Film canıım güzelim İstanbul'da geçiyormuş, muş diyorum çünkü ilk etapta emin olmak zor geliyor...Kara çarşaflı kadınlar, saç sakal karışmış kaba saba erkekler güruhu, kızıl- sarışın-beyaz tenli mumla arasan yok...mini etekli, çizmeli, kotlu, başörtülü yoook: her kadın simsiyah çarşafta.
Bebek, Moda, Kadıköy vb. semtler yok hep arka sokaklar hep arka sokaklar!
Güzel bir otel var, var ama...içindekiler de hiç bizleri yansıtmayan sadece belli bir kesimi simgeleyebilecek tipler...seçmece bunlar sanki, seçilmiş de konulmuş!

Konusu itibarıyle yine bir ajan, yine ailesi tedirgin, kaçırılan kızlar vb. yine mücadele...yine İslami terör..yine kaba müslümanlık...yine intikam...yine  100 kişiye tek başına girişen bir ajan!oooo kabak tadı vermesi bunlar yaa!
düşünün bir de bu filmin 2. imiş, 1. var ve 3. de olabilir demek!!!

ajan Nelson, bir de kızı var, maşallah; boy onda, pos onda,zerafet onda, cambazlık onda, bomba atma, araba patlatma, çatılarda sıçrama, harita bilgisi ooo ne ararsan onda: ajan kadar ajan...bellli ki ajanlık babadan kıza geçmiş!paniklemek falan da yok!Süpper bir zeka!
polis araçları ucuza mal edilmek için 70lerden kalma....sanırsın film 70lerde geçiyor da ondan!
-Cimrilikten..piyasada ne kadar murat varsa toplamışlar, filme koymuşlar!Amman Türklere üç kuruş fazla paranız gitmesin de biz 70lerin hurdalarında kalalım...
-öyle mi? bu mudur yani?!

-ortalık karışmış zaten ilk çıktığında film, bizleri sadece arka sokaklarımızdan ibaret anlatan bir filme ne diye izin verilir ki Türkiye'De? Git çek bakalım bu tarz bir filmi çekebilir misin başka bir ülkede, Avrupa'da, Amerika'da...bi dakka hooop derler adama valla, kendi eliyle kendini rezil etmek değilse nedir bu! Kültürmüzü tek taraflı vermek değil midir yani?

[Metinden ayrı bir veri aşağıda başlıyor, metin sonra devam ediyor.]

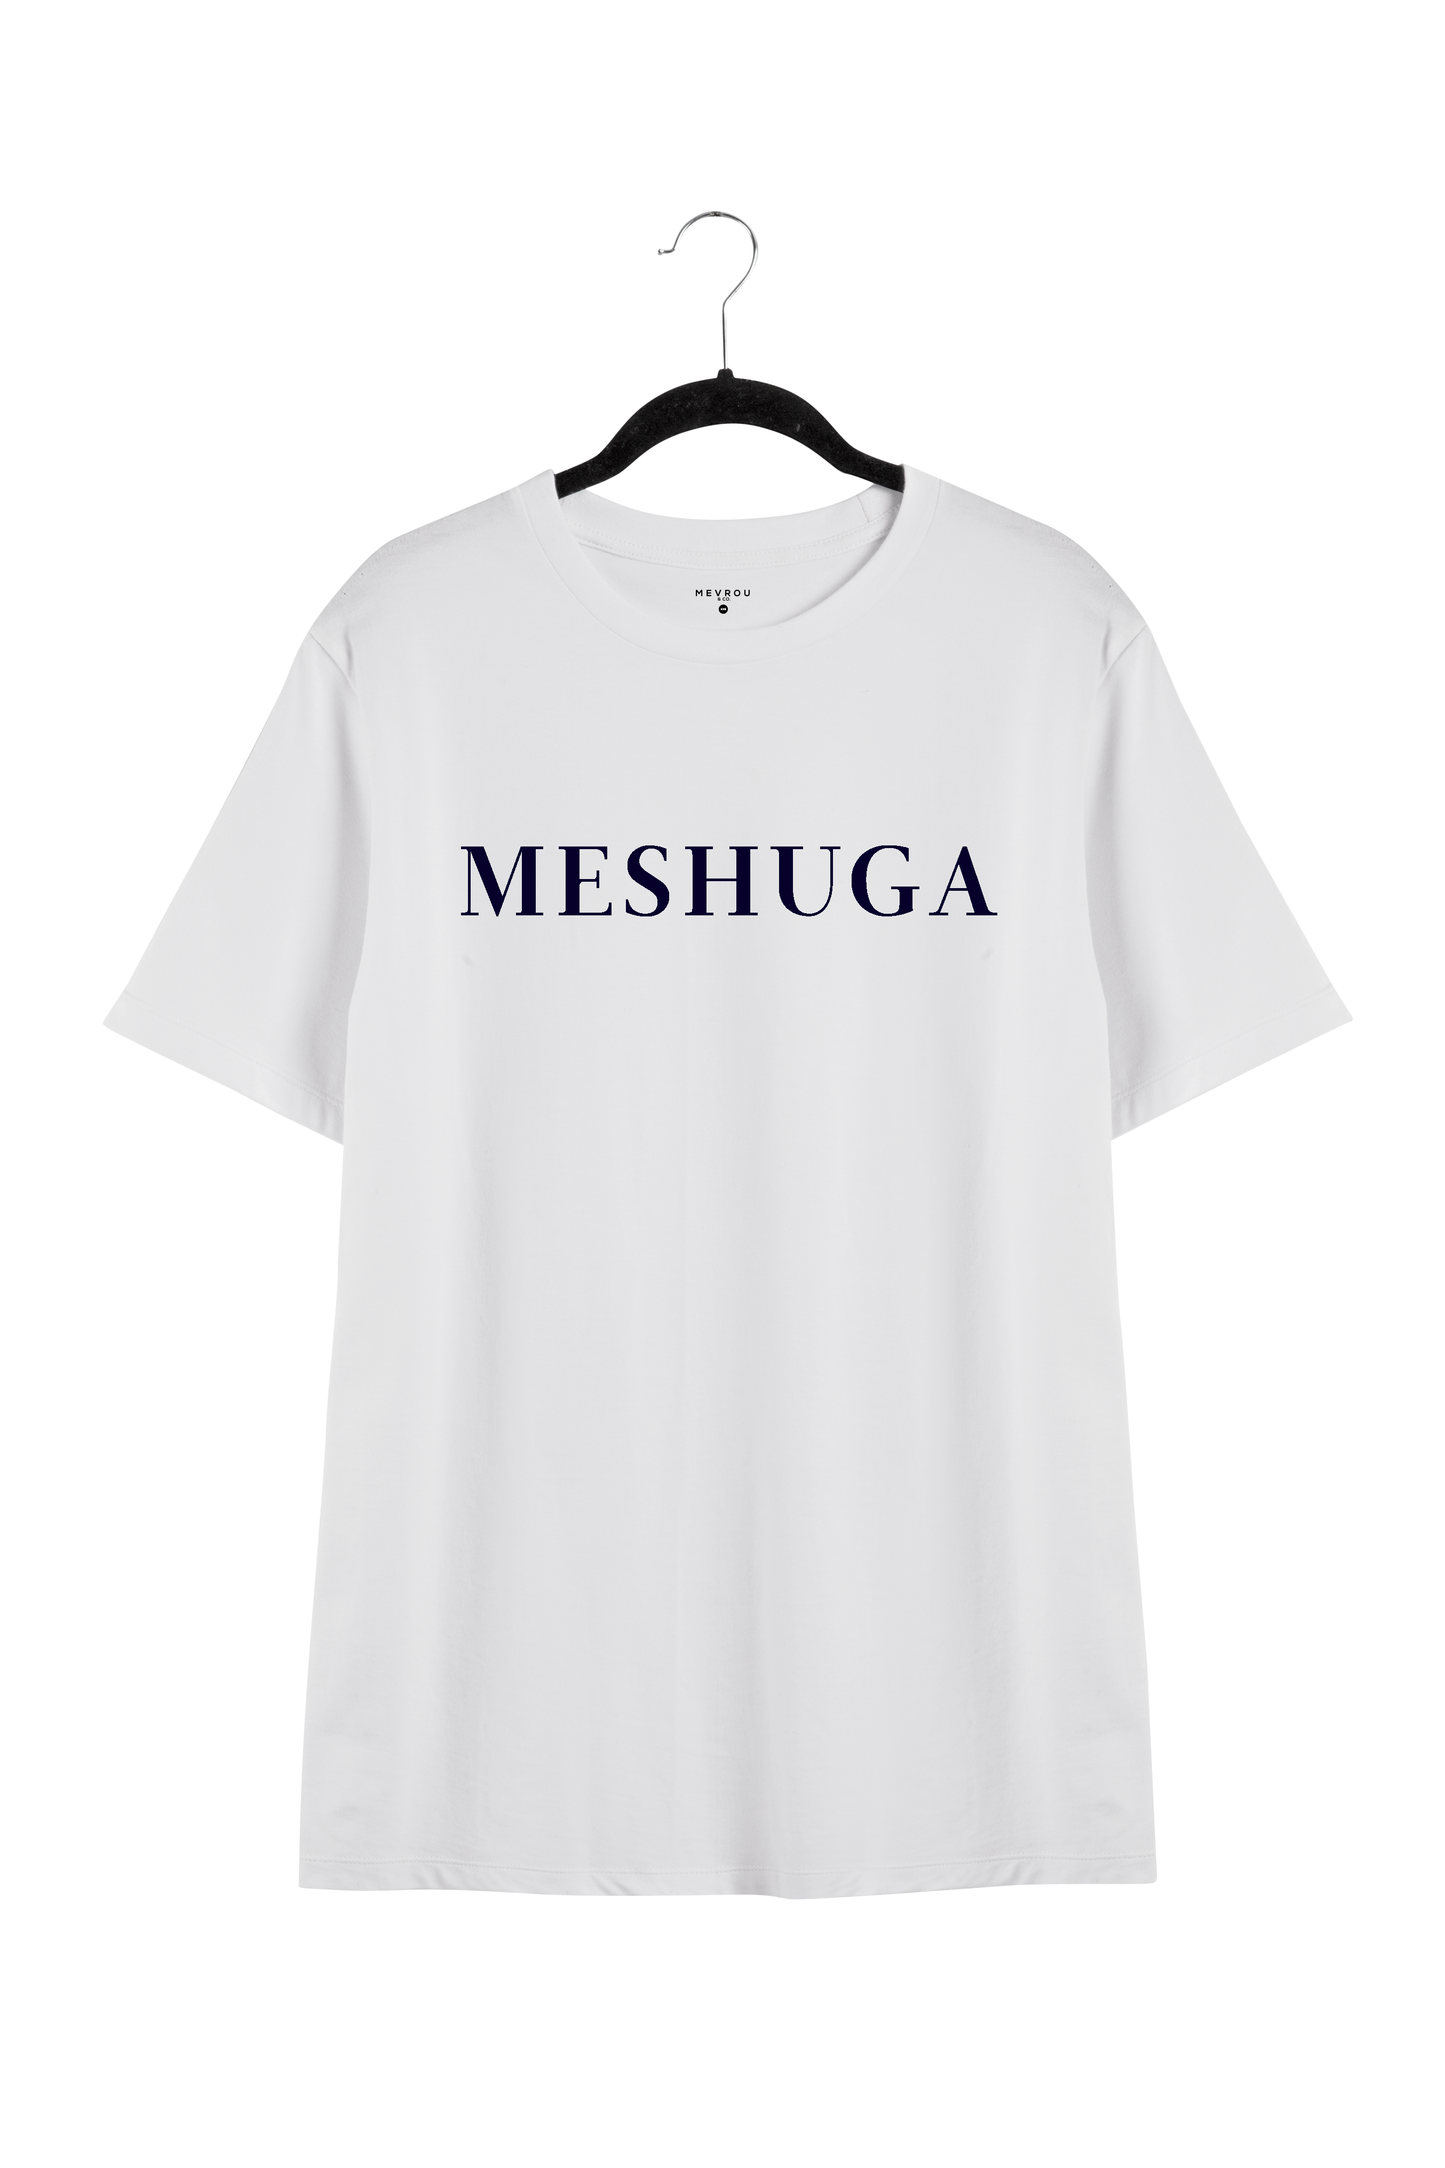 MESHUGA TEE

Bu tarz bir film kitlelere ulaşmıyor mu, binlerce insan sorgulayabilir mi ki? Araştırırlar mı acaba "bu filmdeki gibi bir ülke midir Türkiye?"

*Sinir etmeyin adamı, Kadir sert adamdır valla, değil mi aabeeey?
-benim deli damarımı çıkartmeyceksiniz meydana uleeen!!
ne dedim size beeen?!
çekmiyceksiniz önyargılı filmler demedim mi ulen!
***Ben bunları düşündüm ne yalan söyleyim izlerken, bakalım sizlerden izleyen var mı? varsa  yazarsa sevinirim.

Bloğunuzun meleği

Etiketler

ELLER

ELLER beynimizin dışarıya uzanan yansımalarıdır derler bilir misiniz? eller soğuğun ilk durağıdır ruhtan sonra, - onun içindir ki eller...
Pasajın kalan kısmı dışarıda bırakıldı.